Lors d'un bureau politique chez LR en décembre dernier, la députée des Alpes-Maritimes et proche de Jean-François Copé Michèle Tabarot était sceptique sur la candidature de Xavier Bertrand sous les couleurs de la droite. "Il a fait des sorties assez raides vis-à-vis de sa famille, et revenir comme le sauveur c'est assez mal venu", expliquait-elle au Parisien. Un ancien ministre a enfoncé le clou : "Il ne convainc pas grand monde, et il y a beaucoup de gens qui le détestent".

Les conseils de Nicolas Sarkozy

Comment inverser la vapeur ? C'est là que le parrain de la droite, Nicolas Sarkozy, entre en scène. Selon les informations du Journal du Dimanche, Xavier Bertrand et l'ancien président de la République se sont entretenus. 

Nicolas Sarkozy aurait ainsi conseillé à son ancien ministre d'atteindre les 18% dans les sondages. "Si en septembre, tu es à 18% (d'intensions de vote à la présidentielle, ndlr), tu auras plié le match. Sinon, ce sera compliqué", a analysé l'ancien président.

Selon un sondage Harris Interactive, si le premier tour de l'élection présidentielle avait eu lieu dimanche 24 janvier, l'ancien membre des Républicains recueillerait 16% des intentions de votes exprimées et Valérie Pécresse 14%, quelle que soit la personnalité soutenue par le Parti socialiste qui leur serait opposée. À quinze mois de l'échéance présidentielle, rien n'est figé. 

Face à Emmanuel Macron "d'ici quelques mois" ?

Xavier Bertrand trace sa route vers 2022 et ne perd pas de vue son principal adversaire, Emmanuel Macron. Son rôle d'opposant politique n'est pas bien loin. Le président de la région Hauts-de-France laisse entendre qu'il demandera des comptes au président et à l'État "plus tard". Même s'il a levé le pied sur les critiques, il n'oublie pas de nommer son adversaire. Concernant la phrase du président de la République sur les "66 millions de procureurs", Xavier Bertrand corrige les déclarations du chef de l'État et assure qu'il "y reviendra plus tard, d'ici quelques mois".

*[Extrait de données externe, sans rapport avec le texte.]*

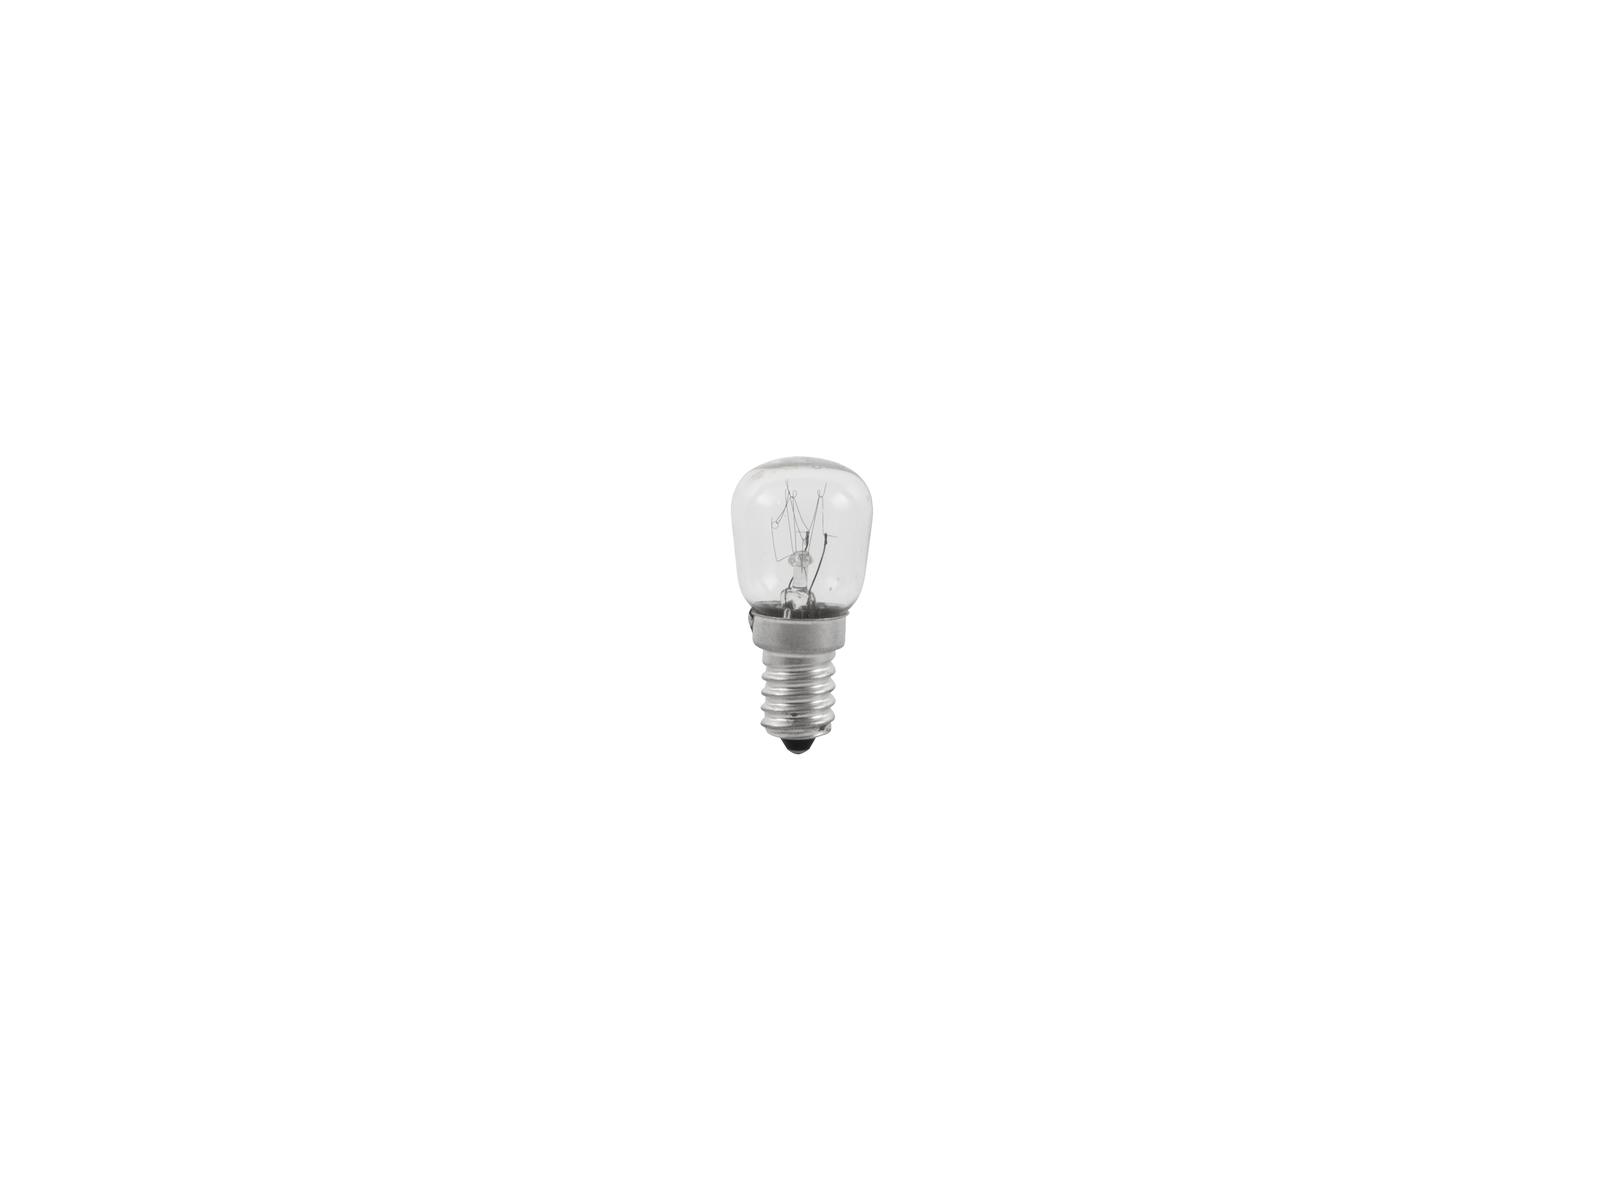 OMNILUX Carnevale lampada 230V 25W/E-14 1000h
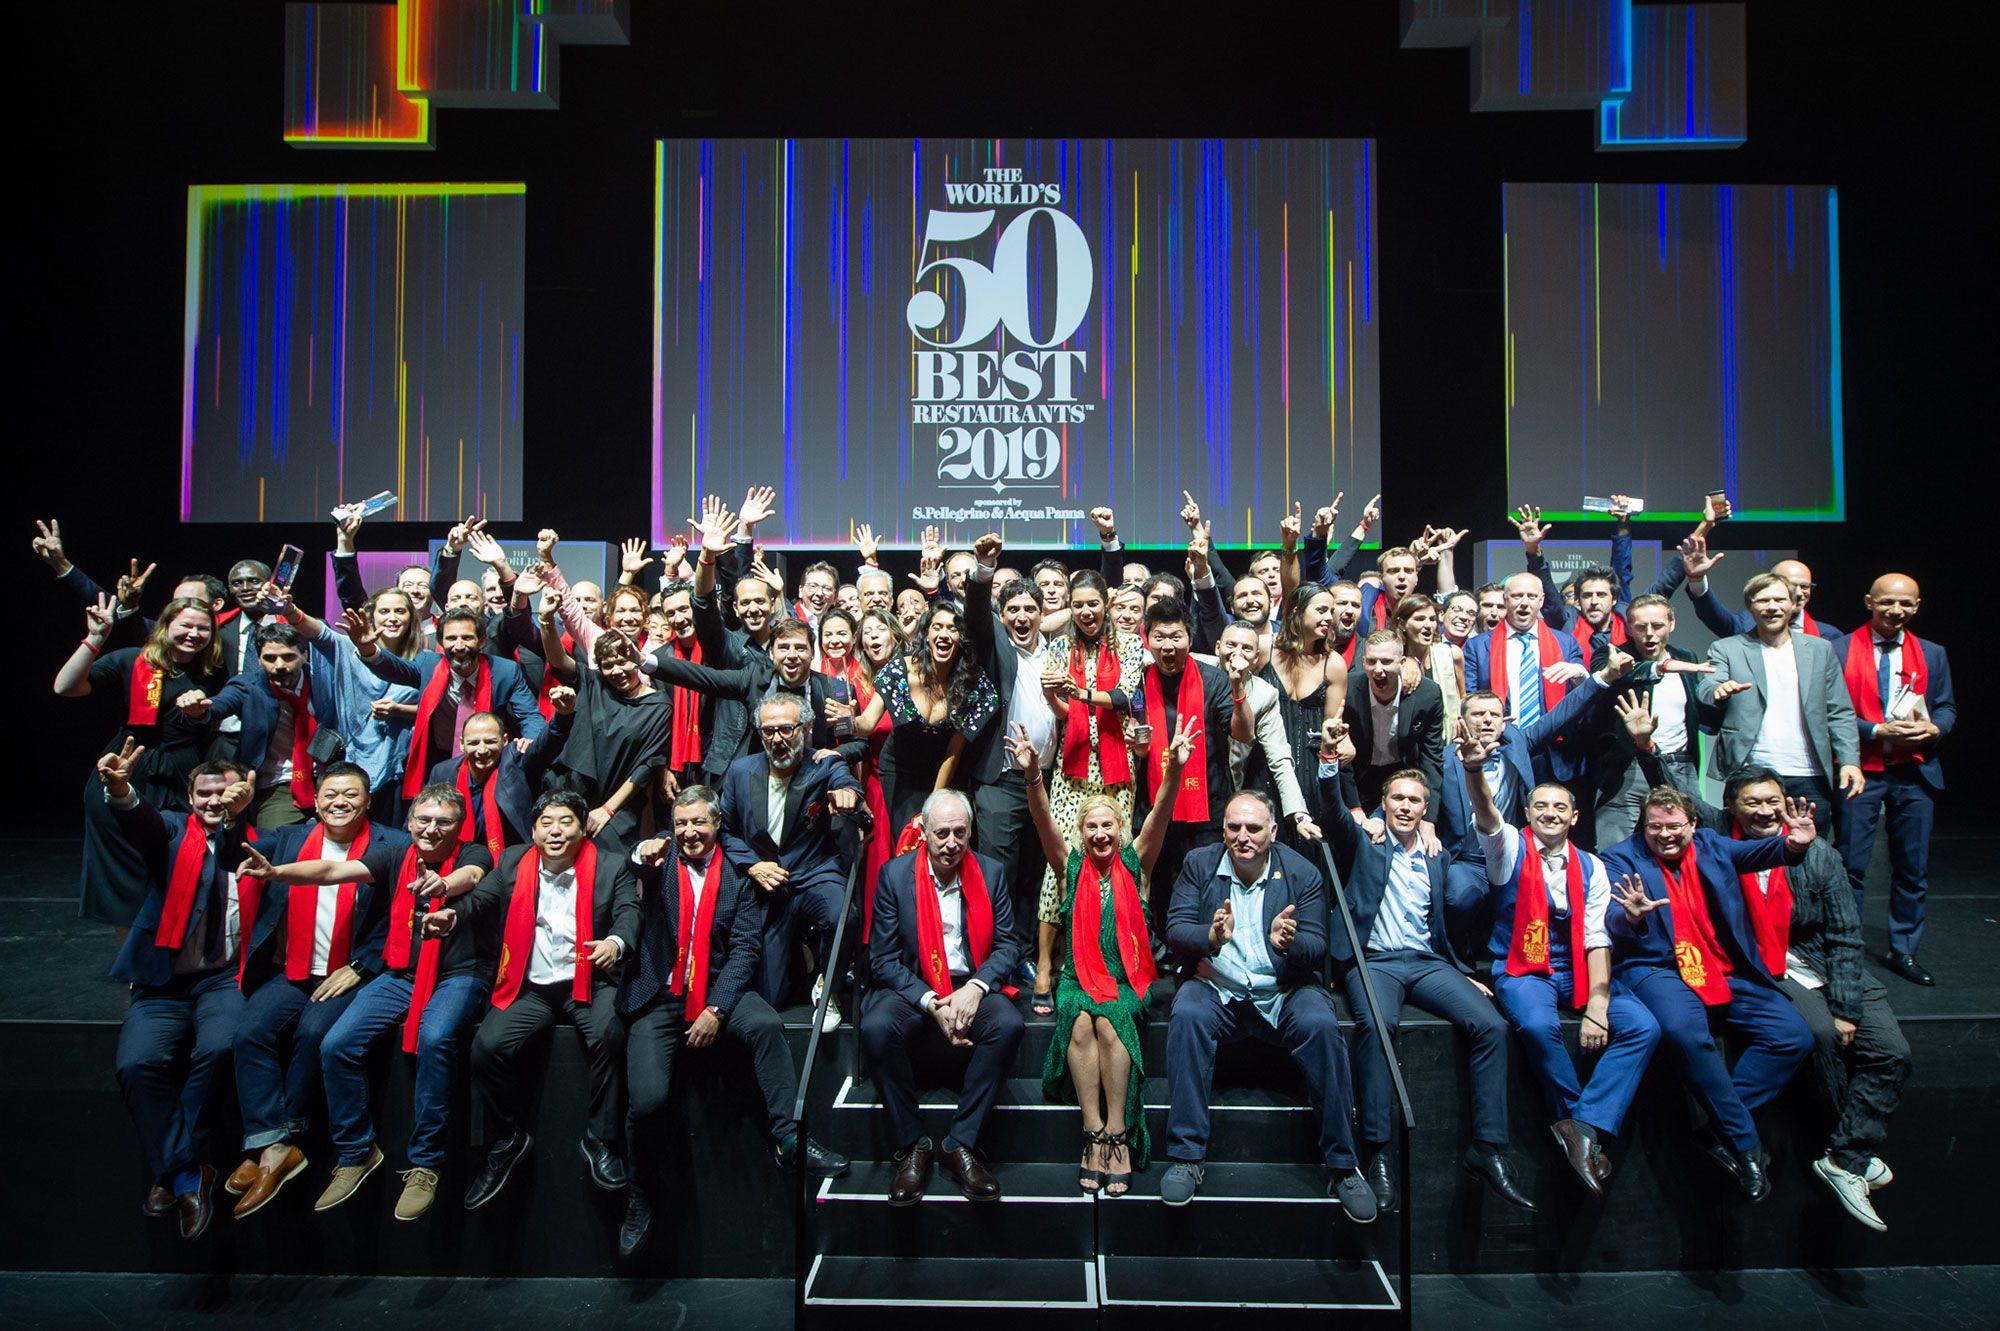 2019年「世界最佳50餐廳」的獲獎者齊集合影。

"Les Français sont des victimes, plutôt que des procureurs. Les Français sont victimes de la Covid, ceux qui ont perdu des proches, ceux qui ont été malades, ceux qui ont été victimes de l'isolement, nos aînés, les jeunes, les étudiants et pas seulement, ceux qui ont peur pour leur avenir, a-t-il égrainé sur RTL. Ce sont des victimes aujourd'hui".

Xavier Bertrand reproche à Emmanuel Macron d'être déconnecté des citoyens. "Je pense qu'il y a une forme d'incompréhension du président de la République vis-à-vis des Français et aujourd'hui des Français vis-à-vis du président de la République". Le dialogue est brouillé, selon lui. Reste à savoir si d'ici septembre, Xavier Bertrand entretiendra un dialogue plus clair.